▶ _INFORMATION SUPPLIED_:
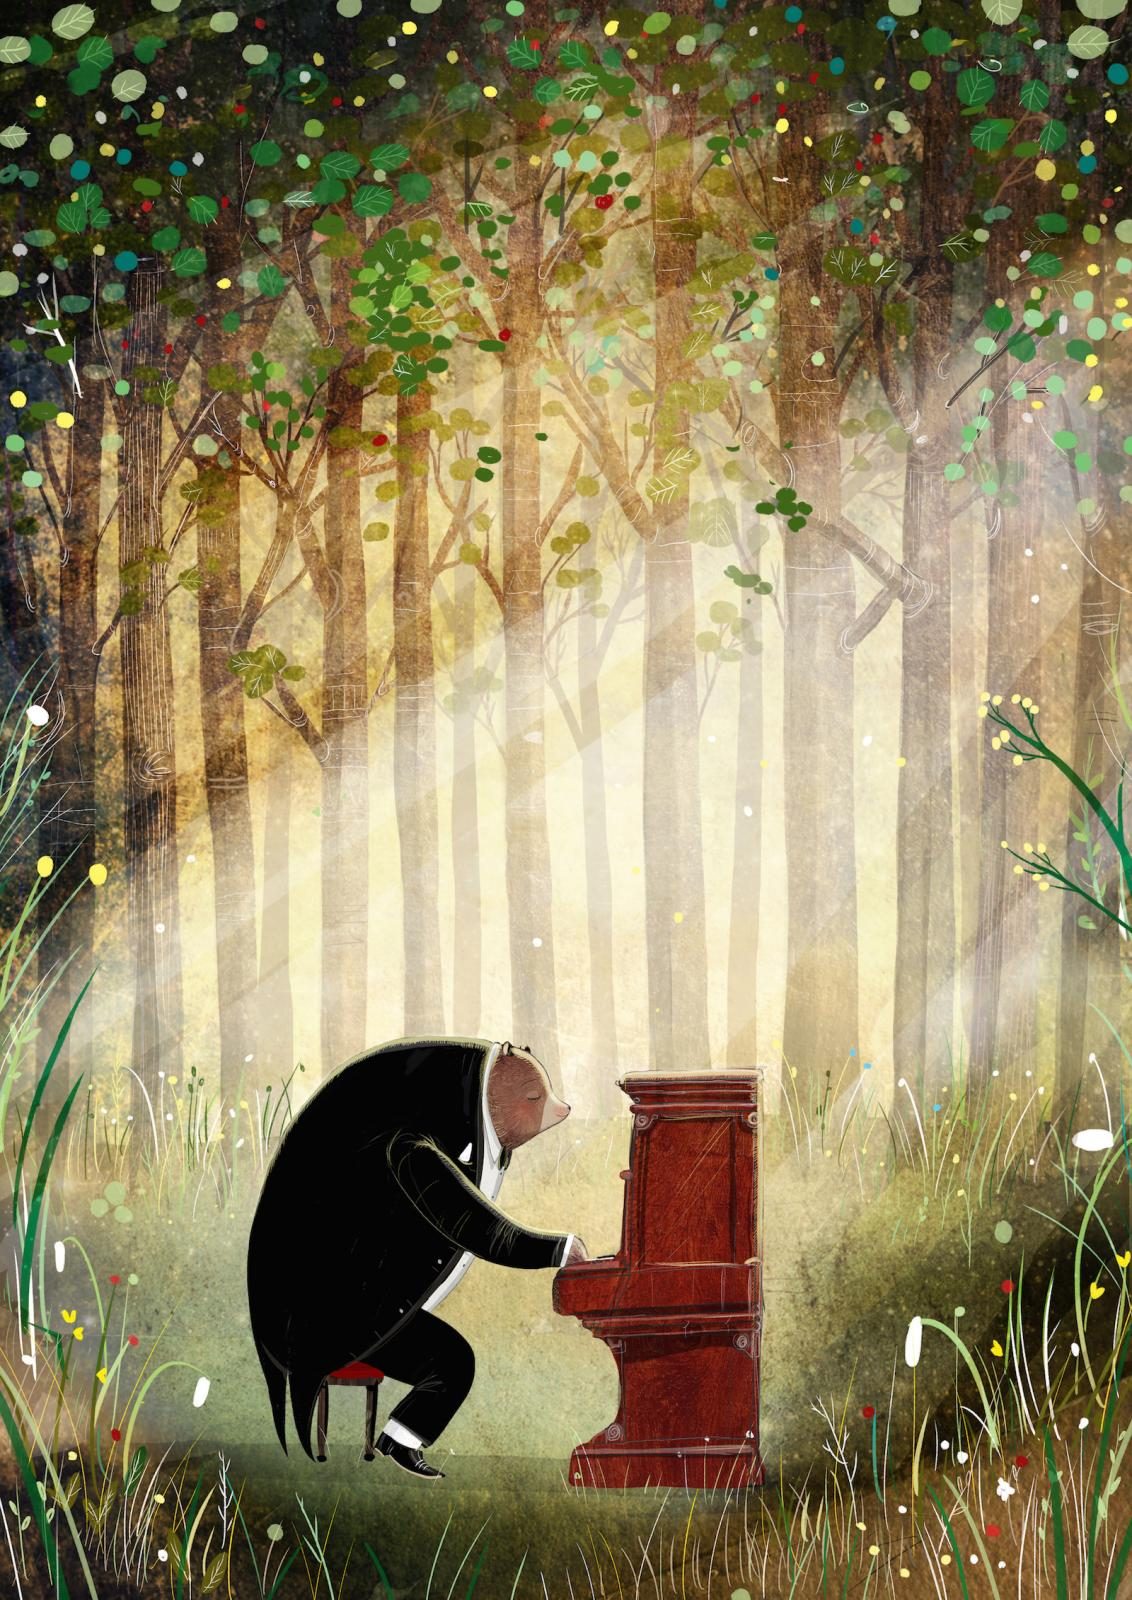 The Bear and The Piano : - World illustration Awards
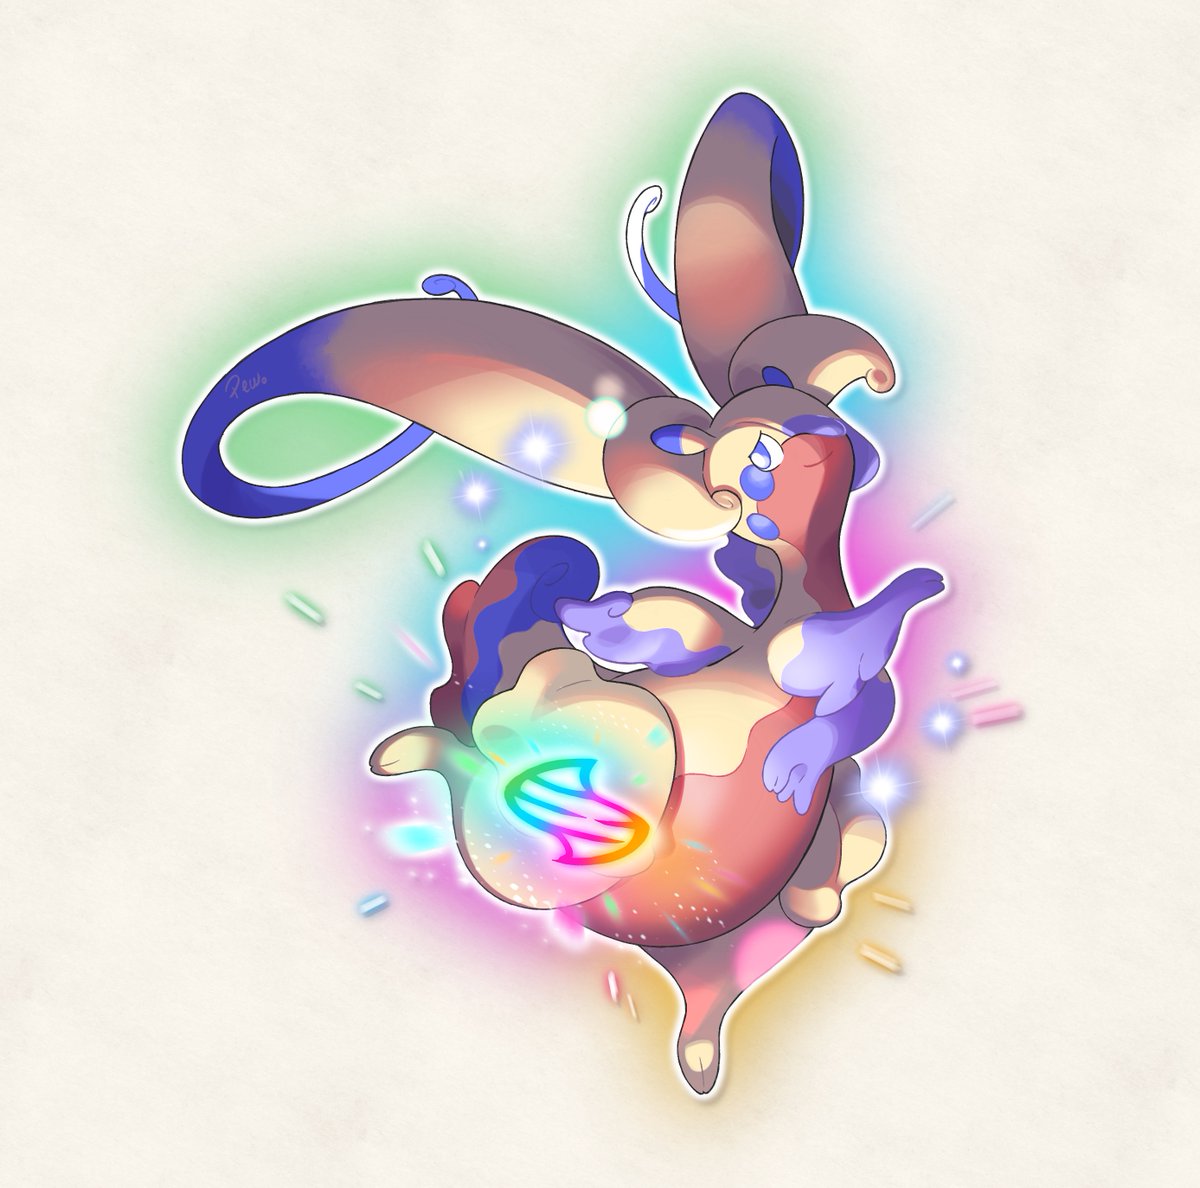 Shiny mega goodra✨💫

I wanted to draw him as if it was a event promo art!
#PokemonLegendsZA
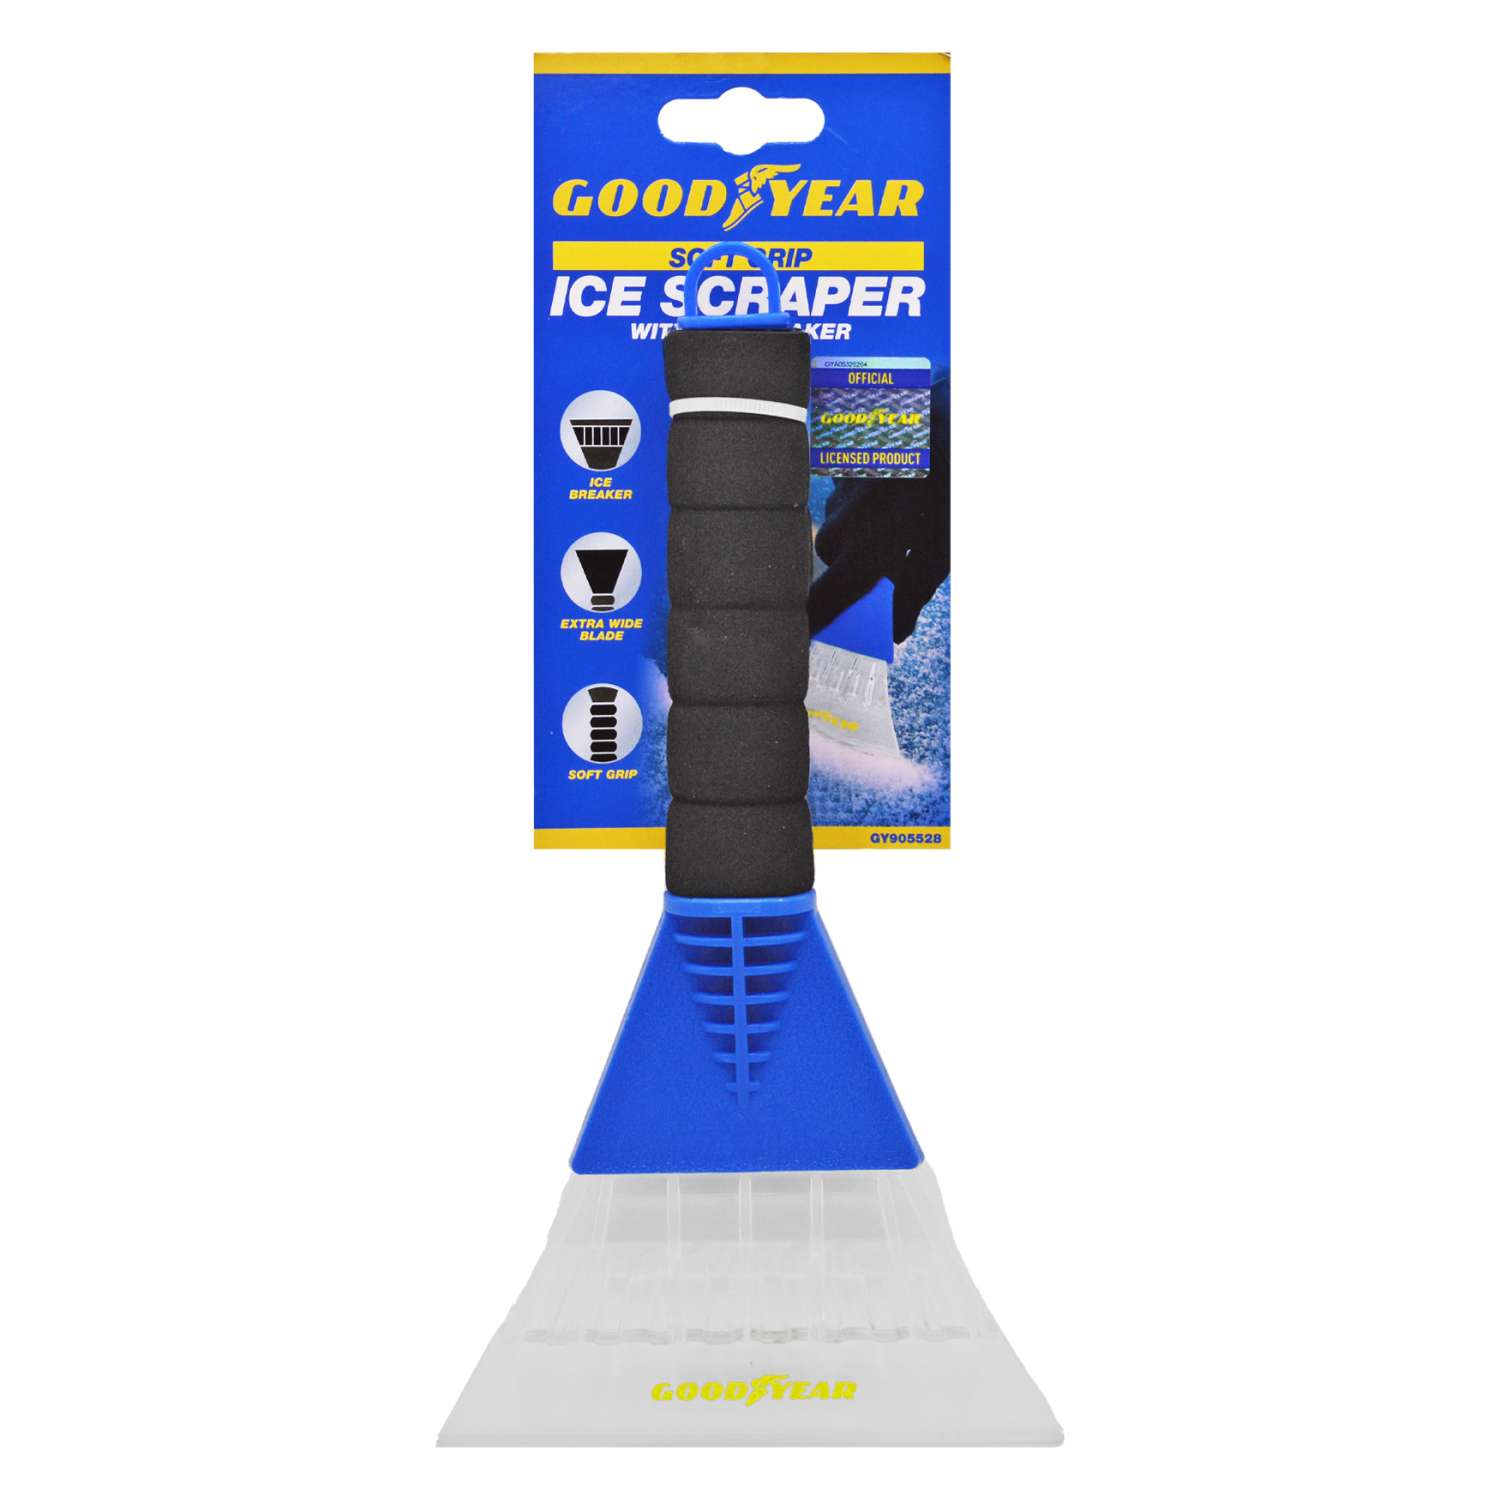 Wholesale Goodyear Ice Scraper with Soft Grip - Homeware Essentials
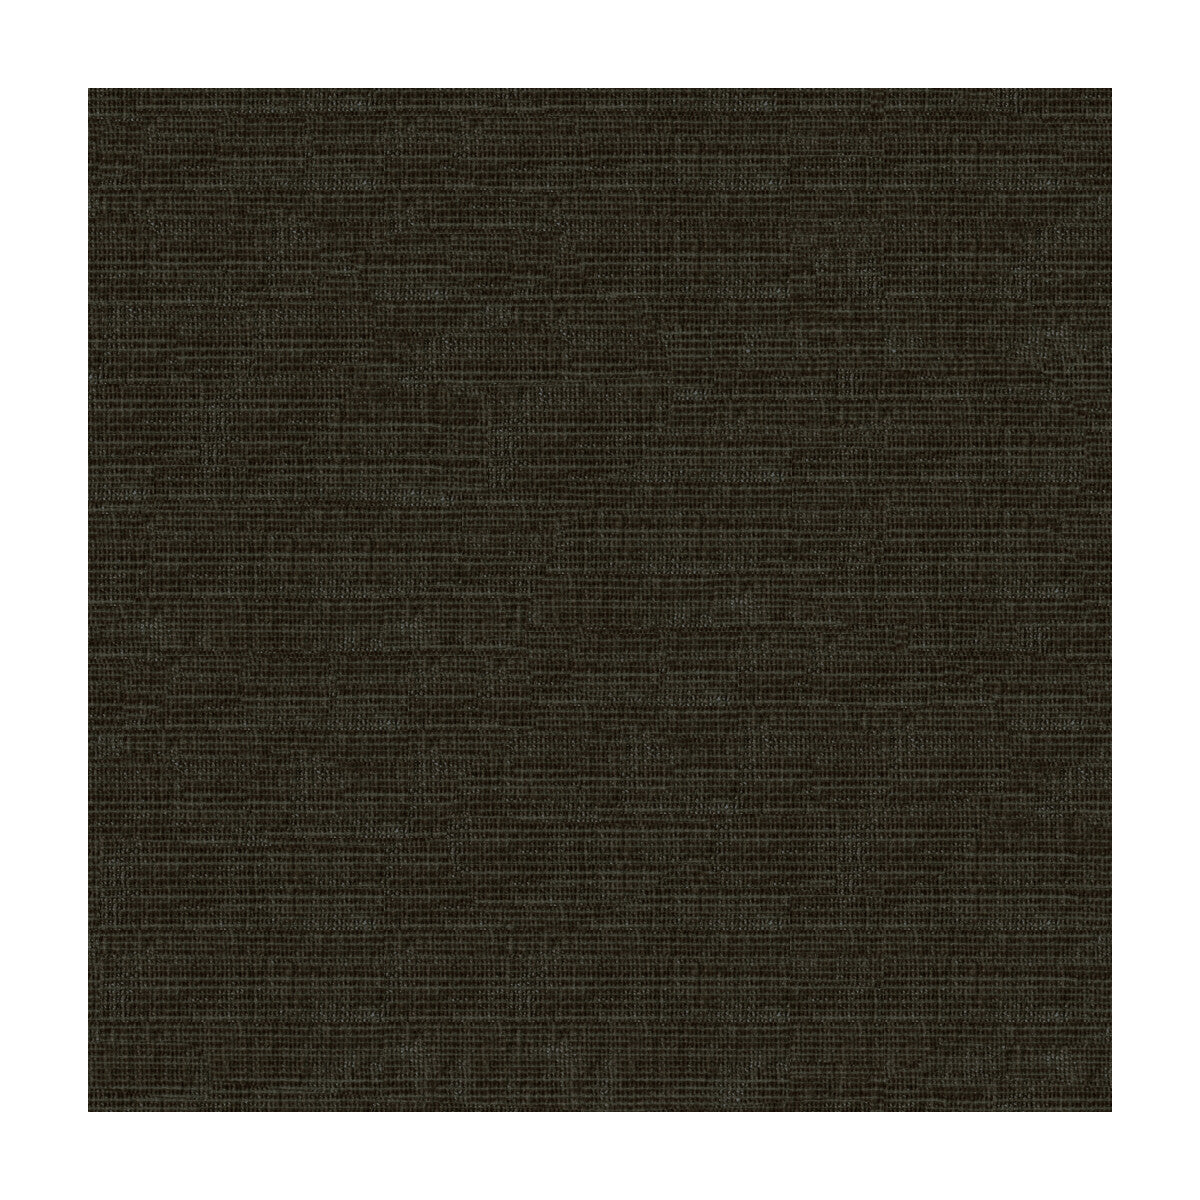 Kravet Smart fabric in 34191-8 color - pattern 34191.8.0 - by Kravet Smart

▶ _AIM OF THE TASK_:
Leave out the pictures, and extract exactly the lines from the one with "Shiny mega goodra✨💫" through the end of the records, both ends included.

▶ _ANSWER BELOW_:
 Shiny mega goodra✨💫

I wanted to draw him as if it was a event promo art!
#PokemonLegendsZA
 Wholesale Goodyear Ice Scraper with Soft Grip - Homeware Essentials
 Kravet Smart fabric in 34191-8 color - pattern 34191.8.0 - by Kravet Smart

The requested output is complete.